**Assignment**
Pictures are to be dropped. Everything else in the listing gets copied exactly.

**Data excerpt**
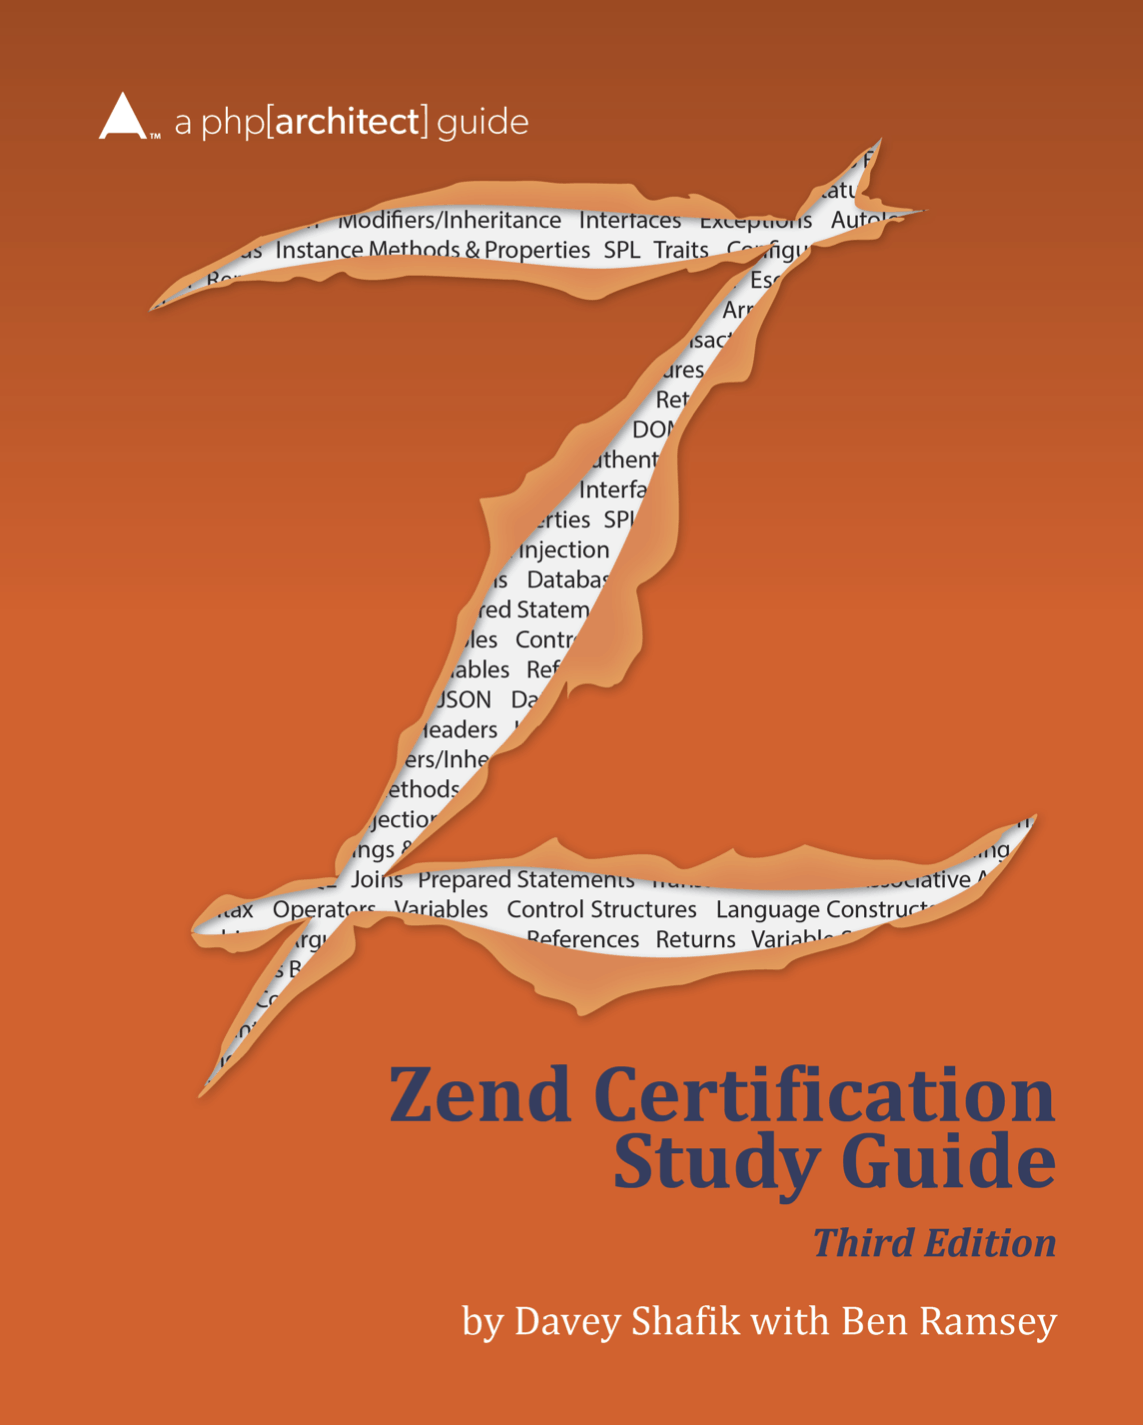 Zend Certification Study Guide 3rd Edition Davey Shafik
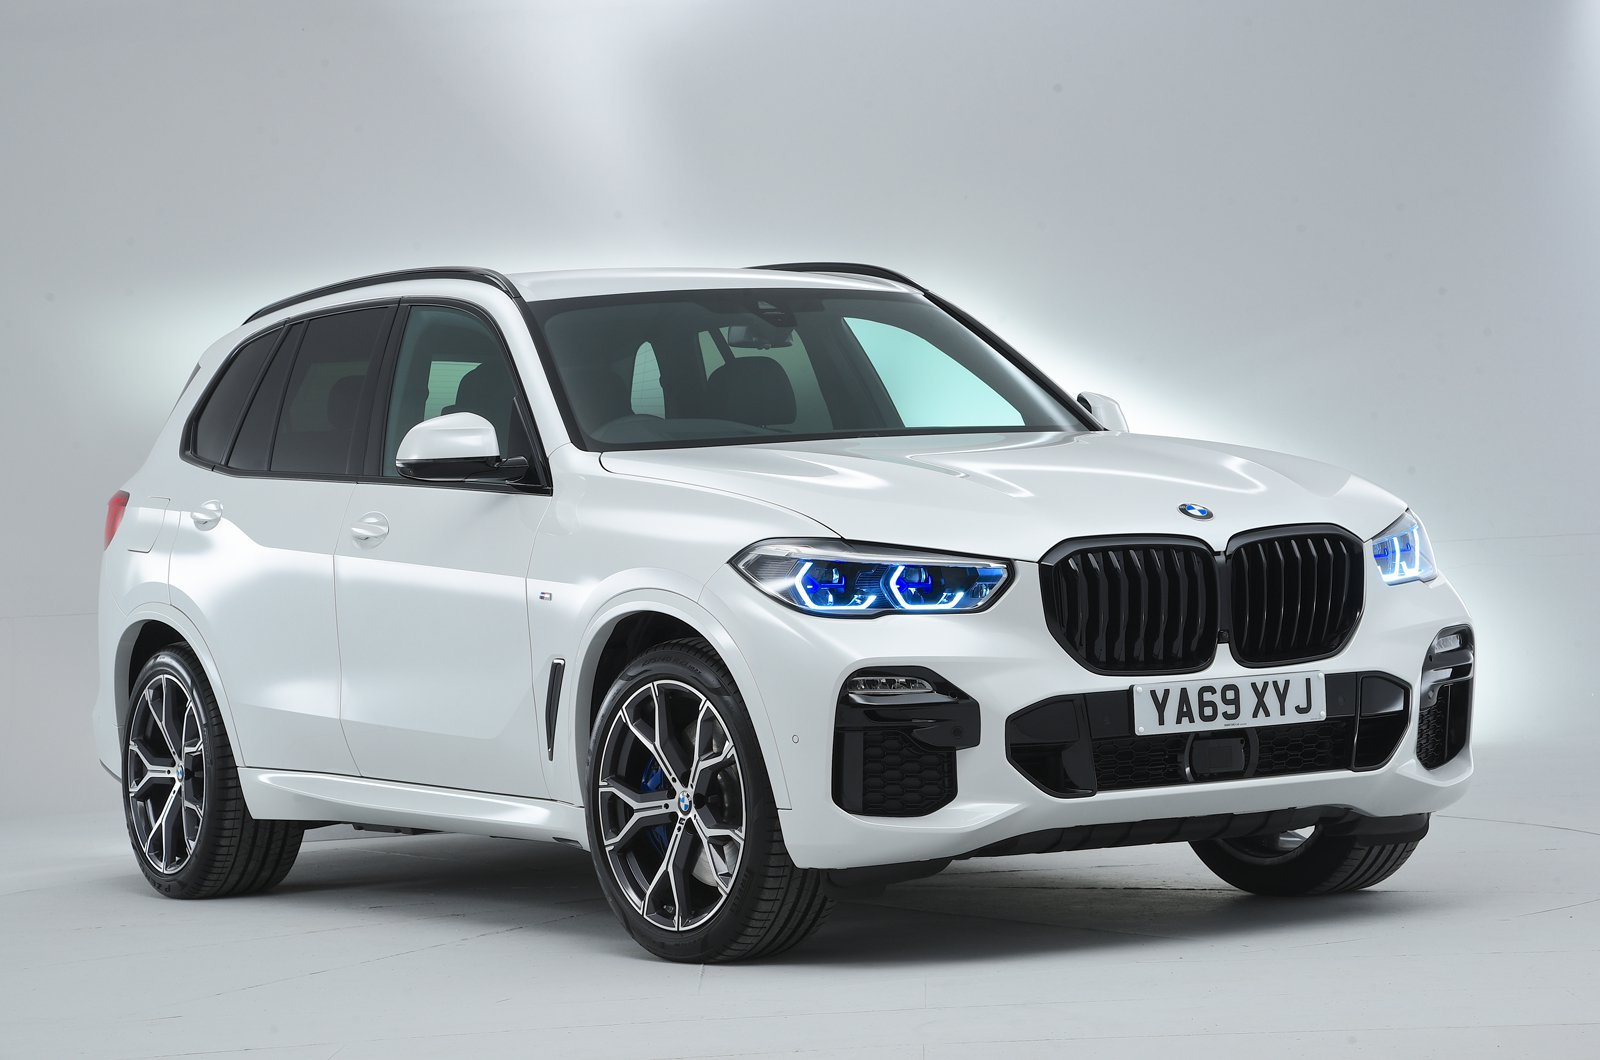 BMW X5 45e front studio - 69-plate car
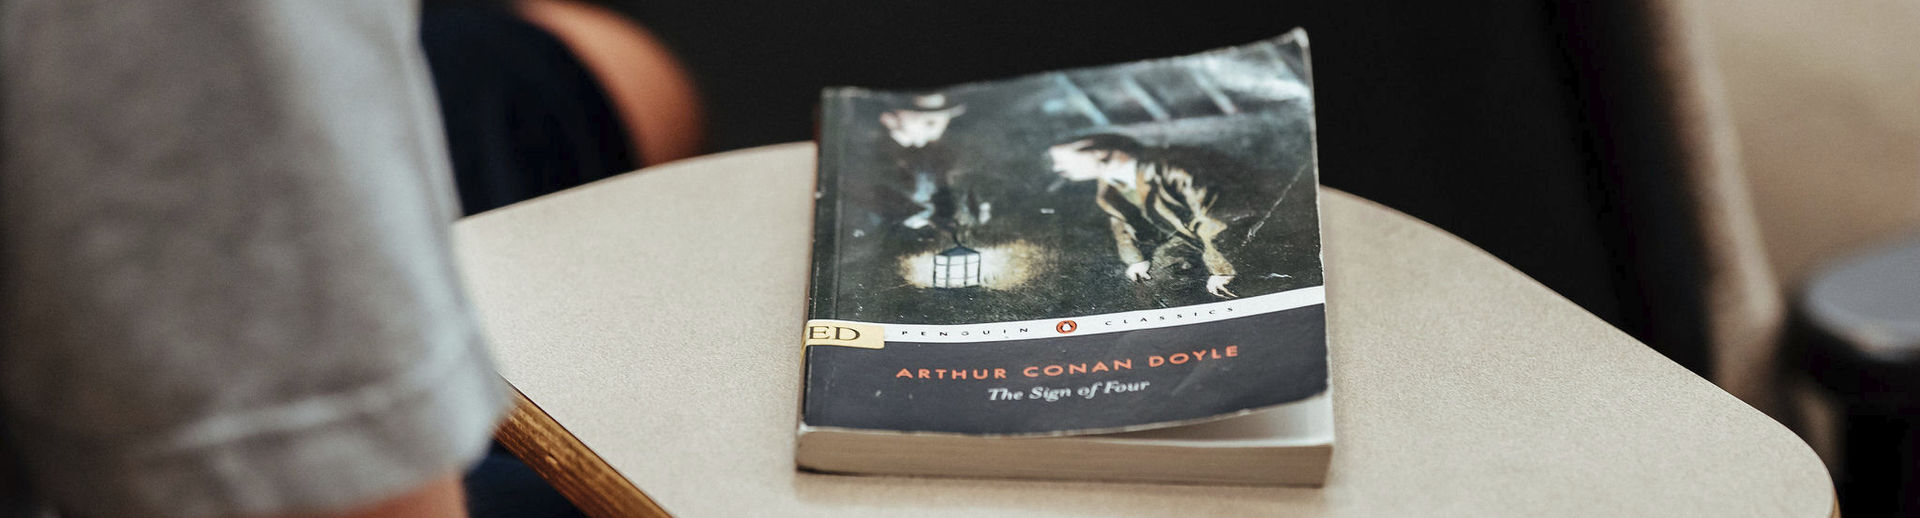 Close up a novel by Arthur Conan Doyle.

**Result of the exercise**
 Zend Certification Study Guide 3rd Edition Davey Shafik
 BMW X5 45e front studio - 69-plate car
 Close up a novel by Arthur Conan Doyle.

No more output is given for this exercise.